Я быстро спустился с горы, добежал до защитного леса скверны. Серое небо стало практически чёрным. Уже понимая, что под дождь попаду в любом случае — я отдался выслеживанию манулов. За час удалось убить троих, а дождя всё ещё не пошло. Водрузив на плечи свёрнутые языки, в пятьдесят метров каждый, жилистый и подвижный — я заторопился к пещере. И стоило отойти на три шага от начала скверны, как мне по лбу ударила первая капелька дождя. Потом ещё, и ещё. А уже через минуту сплошная стена воды практически обрубала любую видимость дальше ста метров, шквальный ветер сбивал с ног, в свете вспышек молний очертания горной гряды мелькали кривыми зубьями, а гром оглушал.
Поднимаясь по склону горы, встречный ветер посчитал меня шариком и решил наполнить дождём. Когда крупные капли на большой скорости попадали в глаз — мне хотелось ругаться. А в пещеры я зашёл вообще продрогший. Меня знобило, глаза слезились.
С досадой на самого себя я выругался, после оклазии оставшись без добычи вовсе. Развесил промокшие вещи, переоделся в чистое, и дрожащей рукой взял с полки один из мешочков с тёплым содержимым, подобному ягодному компоту. И чуть прикусил кожицу. Тёплое лекарство очень скоро подействует как сильнейшее снотворное. А пока, медленно посасывая компот, я зашёл в рабочую зону.
Набросанные кучей, на столе лежали результаты прошедших недель у полёвок скверны. И стоило мне только подумать, что пора бы проверить пластинки на предрасположенность к стихийной магии — как в носу защекотало, сильно. Я с надрывом зачихал, мышцы руки непроизвольно сократились, кулак сжал мешочек. Давление жидкости разорвало тоненький прокус и выплеснулось фонтаном, расплескавшись по трофеям.

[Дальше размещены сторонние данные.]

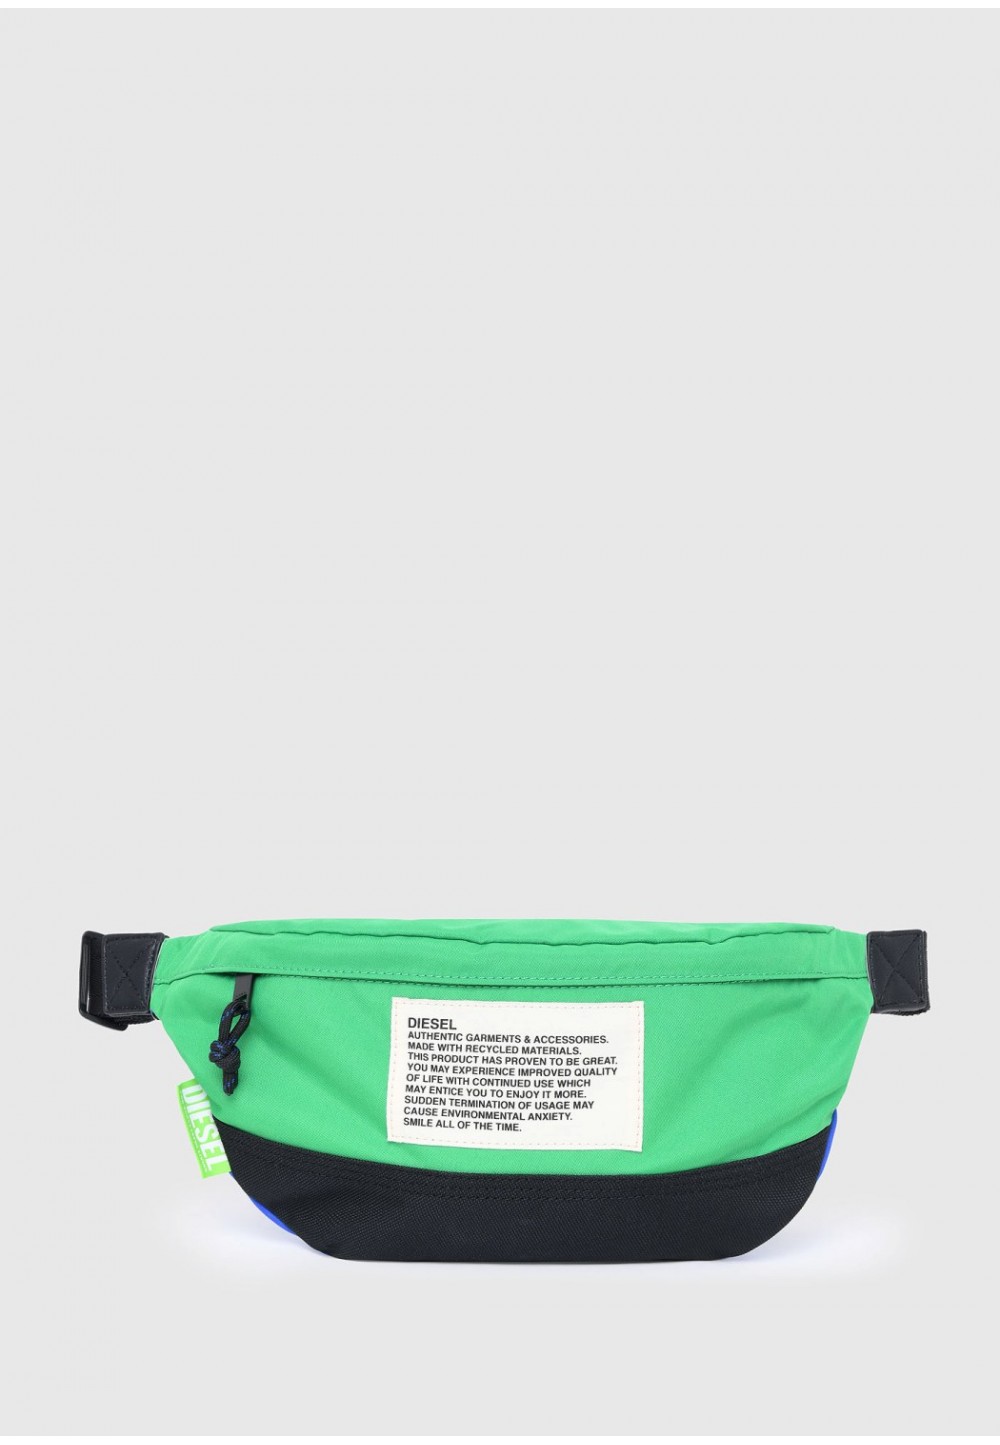 Поясная сумка Green Label с цветными блоками

С громкими матами я чистил подготовленные золотым и бронзовым раствором. Сама жидкость счищалась, но оставались нестираемые пятна, бесцветные, но с глянцевым отблеском. Из трёх «бронзовых» пластинок две оказались с пятнами, а из семнадцати «золотых» пострадали восемь. У меня глаза и так слезились, но в тот момент я перестал понимать причину: от болезни или с досады. Я лишь устало махнул рукой, взял другой мешочек и отправился в спальню.
На следующий день болезнь отступила, лекарство справилось, я чувствовал себя здоровым, но морально разбитым. Все эти глянцевые пятна могли уничтожить труды долгих месяцев. Пластинки были подготовлены обычным способом, линии наносились на широкой части крестом, а узкая обмазывалась полностью. При проверке на работу эти самые линии должны тускло замерцать — но глянцевые пятна могут помешать этому, и тогда пластинку никто не купит. А я ведь добывал их ещё и себе на гримуар.
Я заставил себя встать с мягкого настила и позавтракать. И то, моего морального состояния хватило лишь на содержимое микла. Даже кофейный напиток из бодрящего яйца, и тот я отказался варить. Лишь водички выпил, промочив горло.
Ну а после, всё же поставив точку в своих страданиях — я очень долго думал, не решаясь на что-то одно. То ли кричать в пещере, а к скверному лесу нестись молча, то ли кричать на бегу.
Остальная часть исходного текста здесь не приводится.